When the NRA comes out against the administration, it’s a wake-up call for even his formerly staunchest supporters. Though lines may have been drawn in the past with family members and friends who supported him, Minneapolis, with its freshly minted Bruce Springsteen song, provides another checkpoint in what increasingly feels like a moral Civil War. Family members or friends might wonder: How can you still support the felon pedophile who also uses taxpayer dollars to kill innocent American citizens? This Thanksgiving might be even more awkward than the more recent, friendlier “no Kings” holiday times. Like the critical mass that took my mother’s life so quickly, the point of no return may finally have arrived for the cancer of authoritarianism.

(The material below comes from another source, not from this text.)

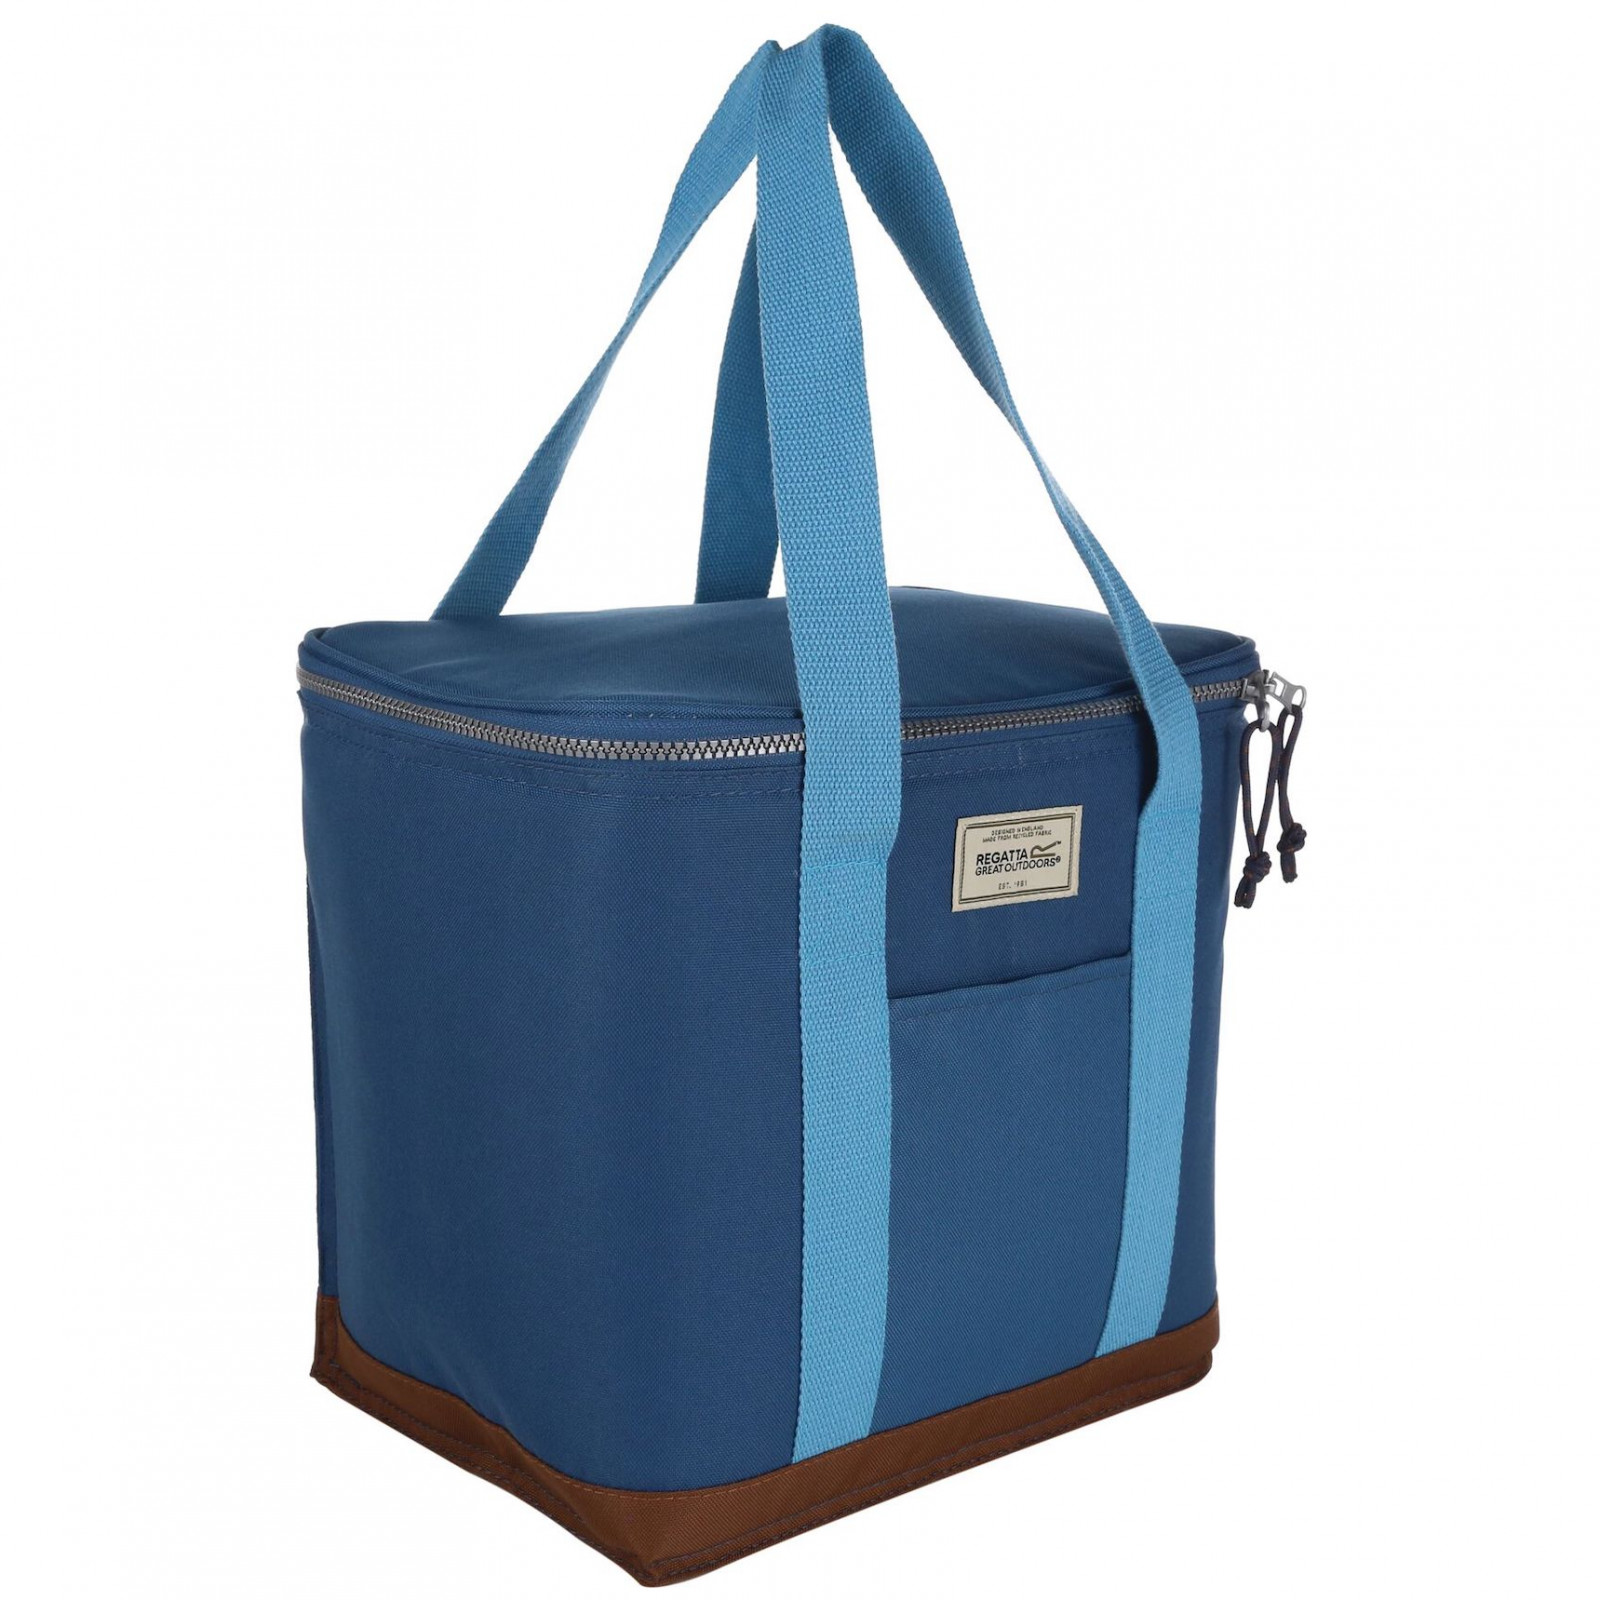 Chladící taška Regatta Stamford 12L Coolbag Barva: modrá

What’s happening in Minneapolis isn’t a misunderstanding or tragic fluke. It’s the predictable result of letting federal immigration agents operate with unchecked power and zero fear of real consequences. When armed ICE or Border Patrol officers kill people in American cities and the response is victim-blaming, stonewalling, gaslighting, federal agencies policing themselves and continuous lies, it’s clear this is no longer about immigration or enforcement. It’s a narrative of retribution for an election loss and power exercised without restraint. Communities are told to stay calm while constitutional protections disappear in front of them. The growing protests are not chaos or “riots,” but a rational response to a government that’s more interested in protecting its agents than the lives of its residents. Despite Trump’s false rhetoric, there’s no evidence any citizens have been “paid” to protest; they’re out there in freezing temperatures because this threat to democracy matters to people.

As Congress votes on whether ICE continues to receive full funding, lawmakers face a moment of moral clarity. Funding an agency that fuels fear, escalates violence, and evades accountability is a choice. Pretending otherwise is cowardice. Protecting the Constitution isn’t leftist extremism; it’s a demand from both parties that the government stop acting like it’s above its own laws and people.